Walmart tumbled the most in almost 35 years after cutting its full-year profit forecast due to inflationary pressures, especially in food and fuel.
The worsening outlook shook Wall Street’s faith in Walmart’s ability to cope with higher costs for merchandise, transportation and labor. The results also underscored the pressure on US consumers as soaring prices send sentiment to the lowest in a decade. Walmart and peers already were facing tough comparisons to early 2021, when federal stimulus payments bolstered household spending during the coronavirus pandemic.
Chief Executive Officer Doug McMillon said his goal is to raise prices while seeking to stay below competitors and limiting the price bumps on entry-level food items.
“Price leadership is especially important right now,” McMillon told analysts. He pledged to vowed to put the disappointing quarter “behind us and have a strong year.”
The shares sank 11% to $131.35 at the close in New York, the biggest drop since October 1987. Walmart had gained 2.4% so far this year through Monday, bucking a selloff of U.S. stocks.
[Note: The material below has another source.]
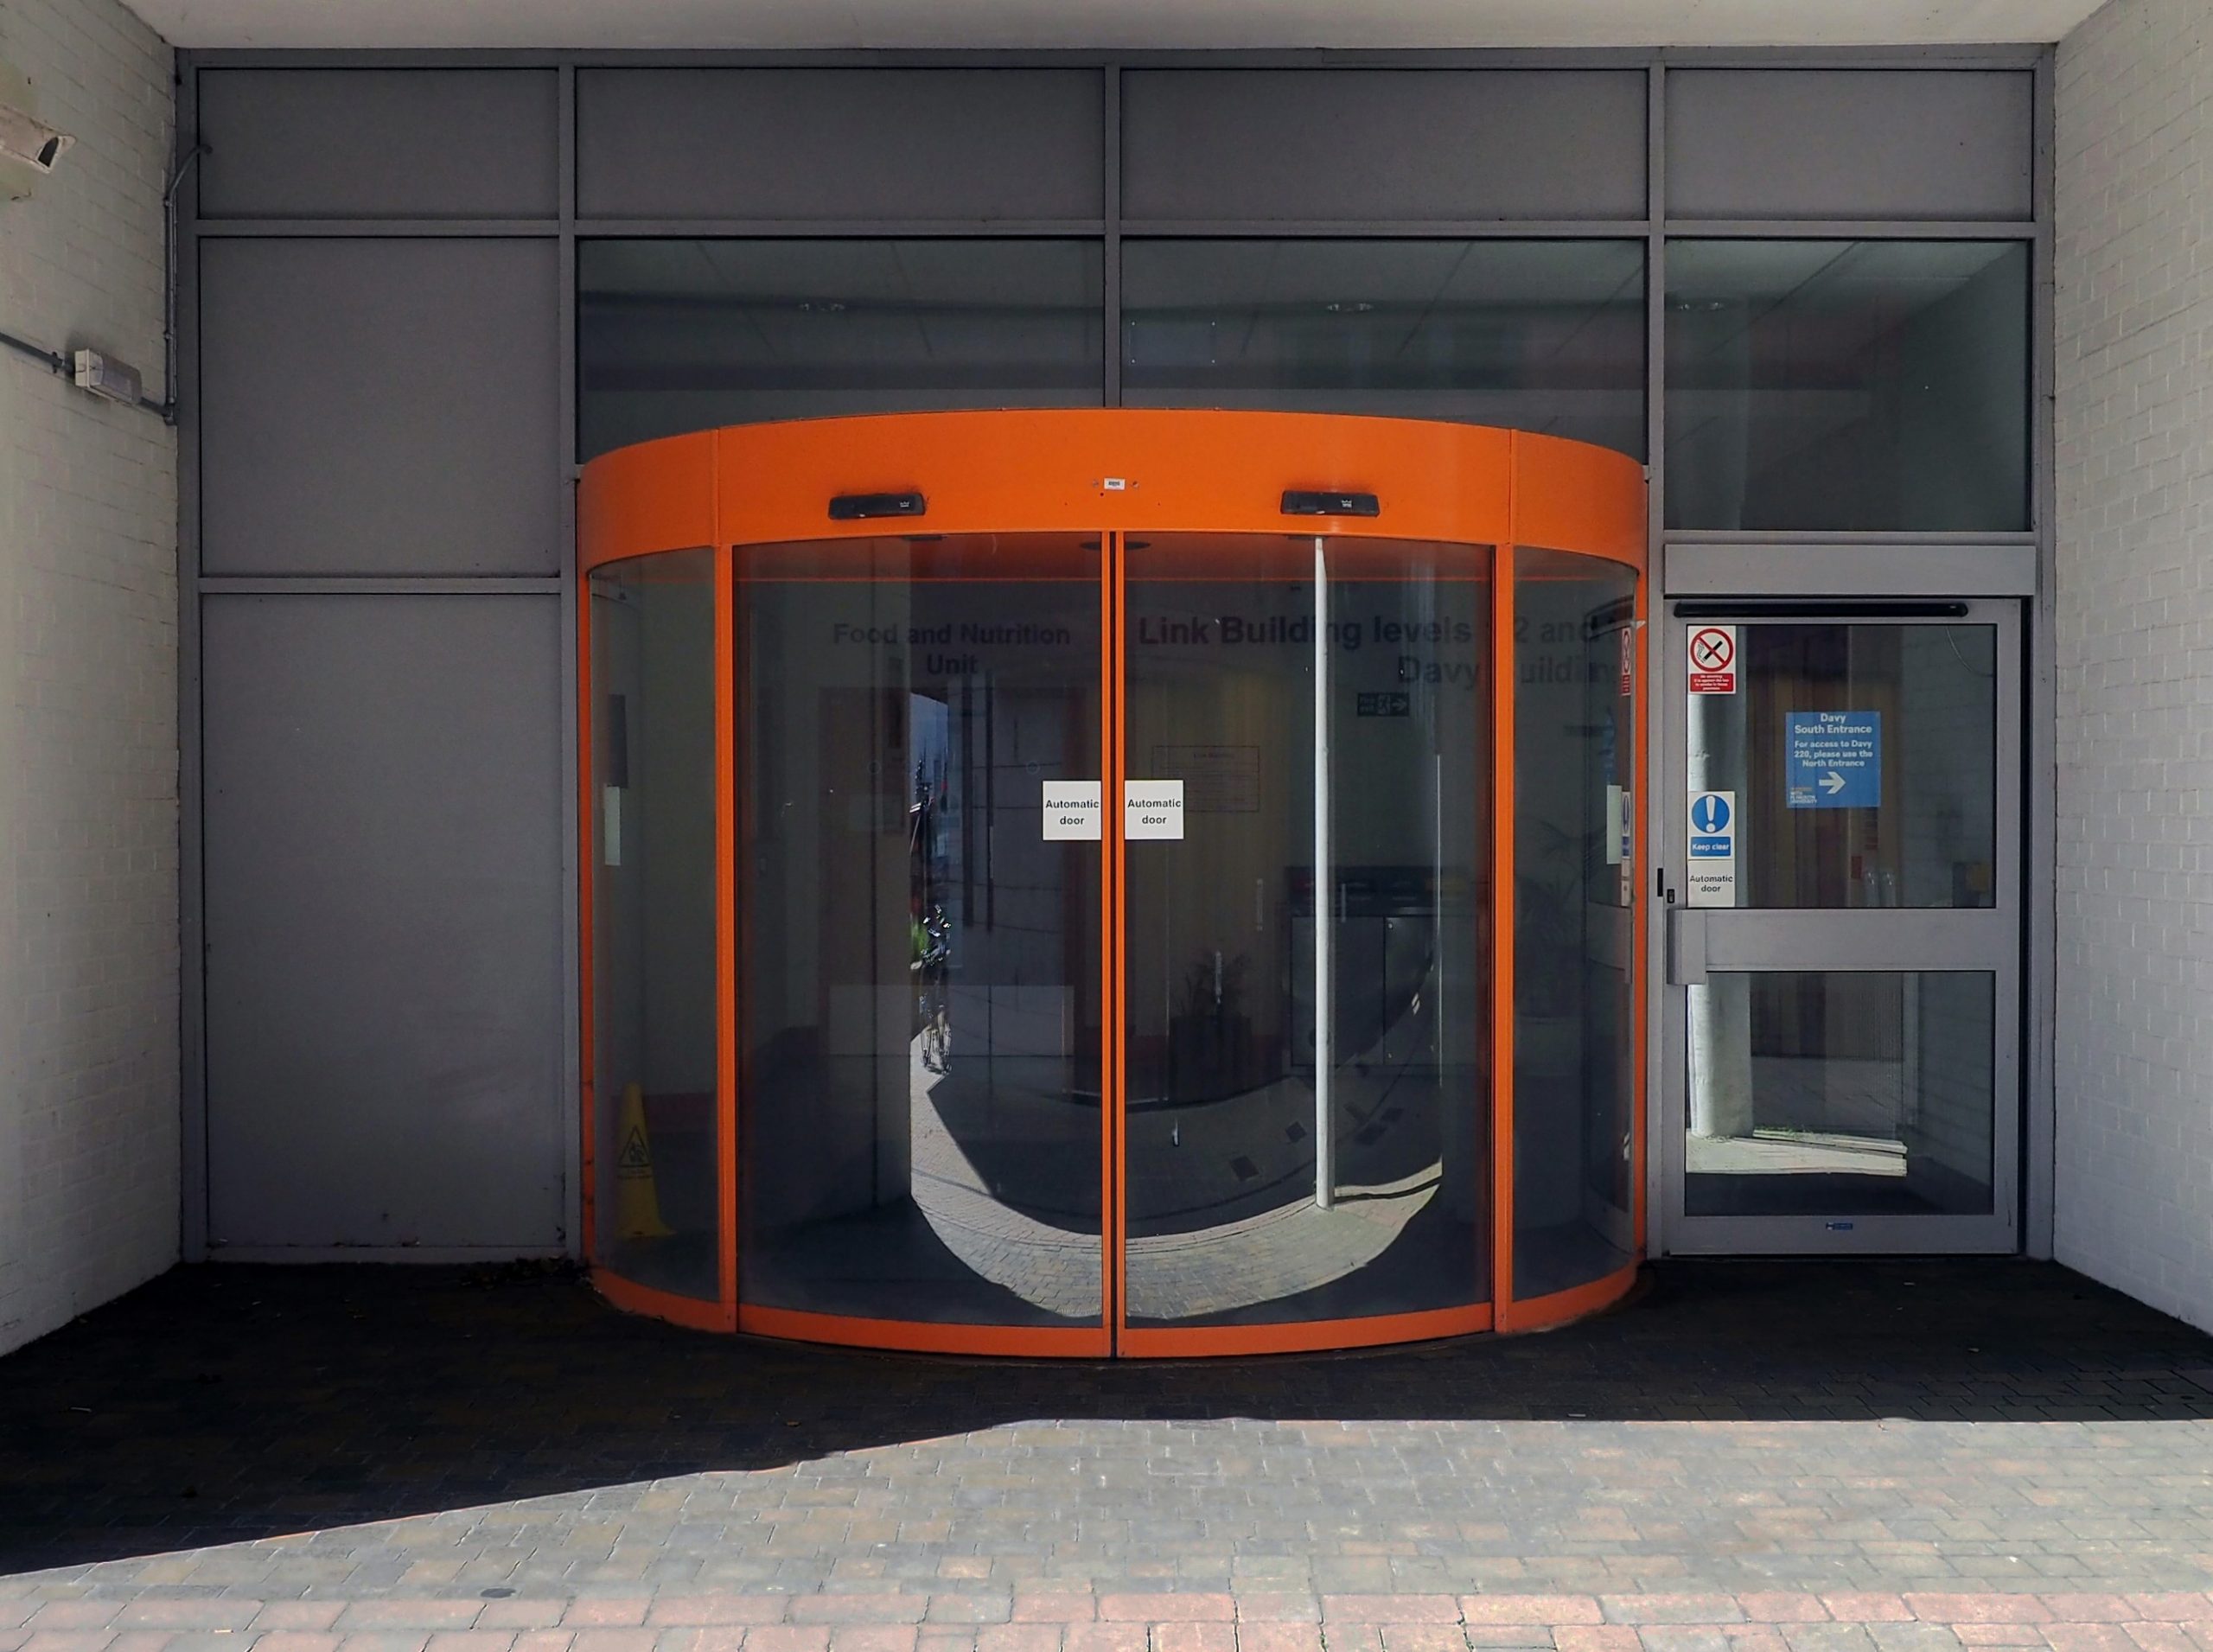 Accessible entrance to a building at ground level with automatic doors.

Earnings are likely to drop about 1% this year, the retailer said in a statement Tuesday, abandoning its previous forecast for a mid-single-digit gain. In the first quarter, adjusted profit sank to $1.30 a share, below the lowest of 29 analyst estimates compiled by Bloomberg.
While revenue growth remained robust, U.S. sales of groceries accounted for much of the growth — and they tend to have lower margins than general merchandise, sales of which fell. The results are a “clear negative,” Adam Crisafulli, an analyst at Vital Knowledge, said in a note to clients.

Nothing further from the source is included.